A peer-reviewed review of 11 major producing countries maps one of the defining facts of the potato economy: the world is split between nations that turn most of their crop into processed products and nations that barely process at all — and the gap is where almost all the value sits.

TakeawayThe single biggest determinant of where value accrues in the potato chain is not how many potatoes a country grows, but what share it processes — and a 2025 review shows that share ranges from roughly 7% to more than 80% across major producers.

What the study found

The review compiles production, harvest-area, processing-share and trade data for 11 major producing countries, drawn principally from FAOSTAT (to 2023) and UN Comtrade, supplemented by national agencies such as the USDA and Agriculture and Agri-Food Canada. Its central picture is a structural divide.

Developed processing economies convert the majority of their crop into fries, chips, flakes and starch.
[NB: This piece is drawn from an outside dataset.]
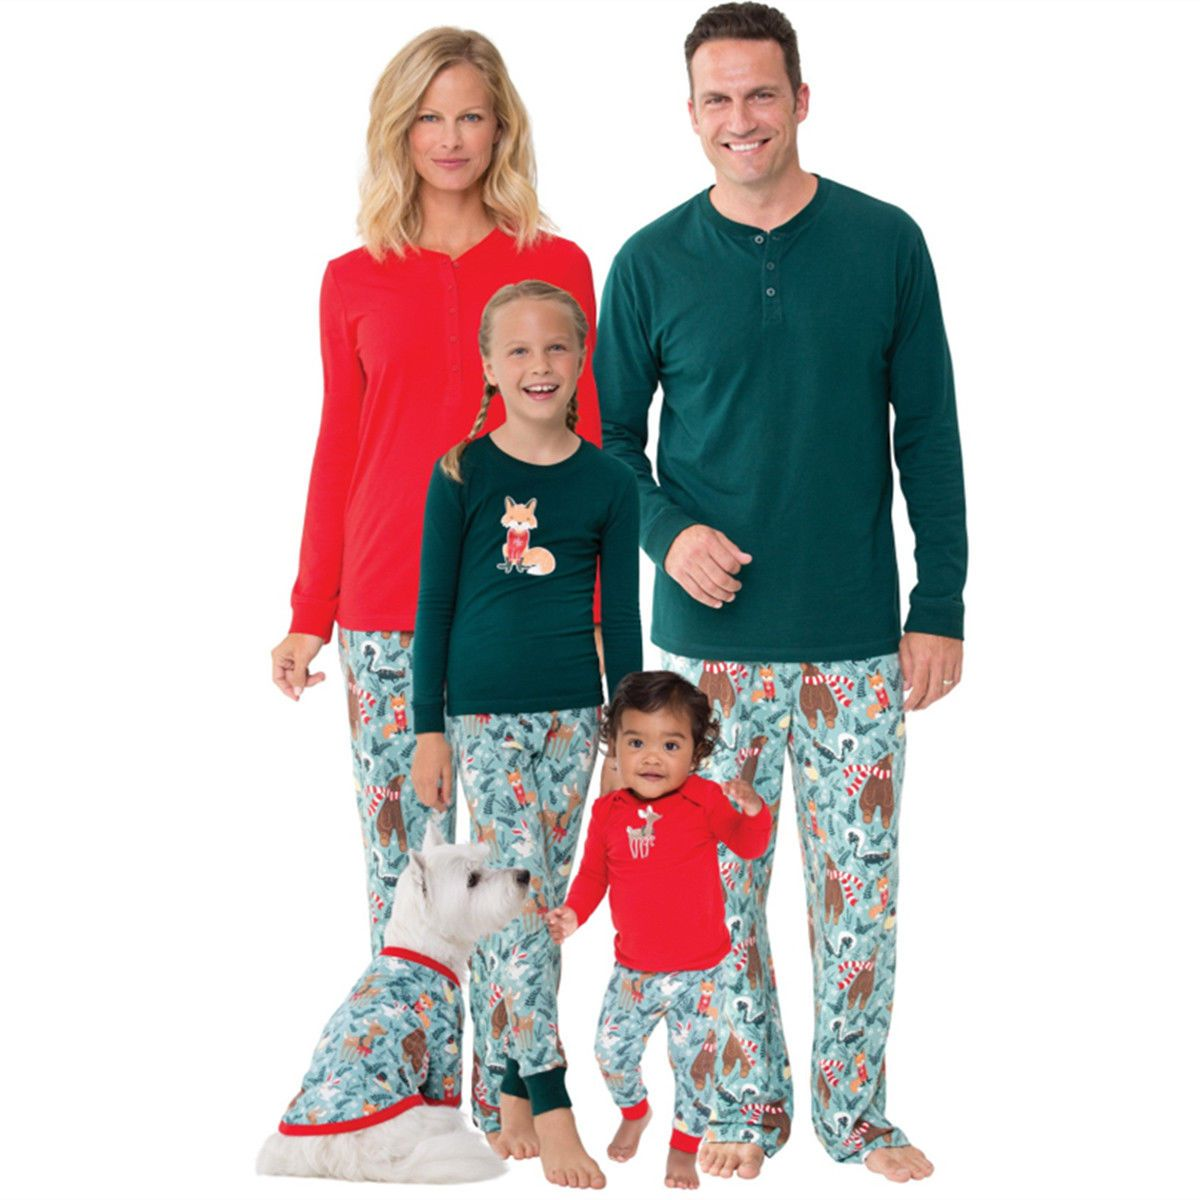 dd90f83793  9.99 - Us Family Matching Christmas Pajamas Set Women Men Kids Sleepwear  Nightwear Hot  ebay  Fashion

On the figures the review compiles, the United States processes about 64% of its production, Canada about 68%, Germany roughly 70–80%, and Belgium around 80%. The two largest producers by volume sit at the opposite end: India processes only about 7% of its crop, and China — the world's largest producer at roughly 93 million tonnes in 2023, against a global total near 383 million tonnes — processes only about 15%. In other words, the countries that grow the most potatoes are not the countries that turn the most potatoes into traded product.

The review's trade data (UN Comtrade, 2023) reinforce the pattern: for frozen processed potatoes, the leading exporters are Belgium, the Netherlands, Canada and the United States, while large producers such as China and South Africa appear as net importers of processed product — confirming that processing capability, not raw output, drives position in the high-value trade.

The most dynamic finding concerns China. The review reports that in 2022 China became a net exporter of frozen French fries for the first time — a shift it frames as the early sign of a possible restructuring of global frozen-fry trade, as a large, low-cost producer with rapidly expanding capacity enters export markets long dominated by North America and Europe.

The review also cites commercial market-research estimates putting the global processing market at roughly US$41 billion in 2023 and projecting about US$60 billion by 2031. These come from market-research firms rather than primary trade data, and are best read as indicative rather than authoritative (see the limits below).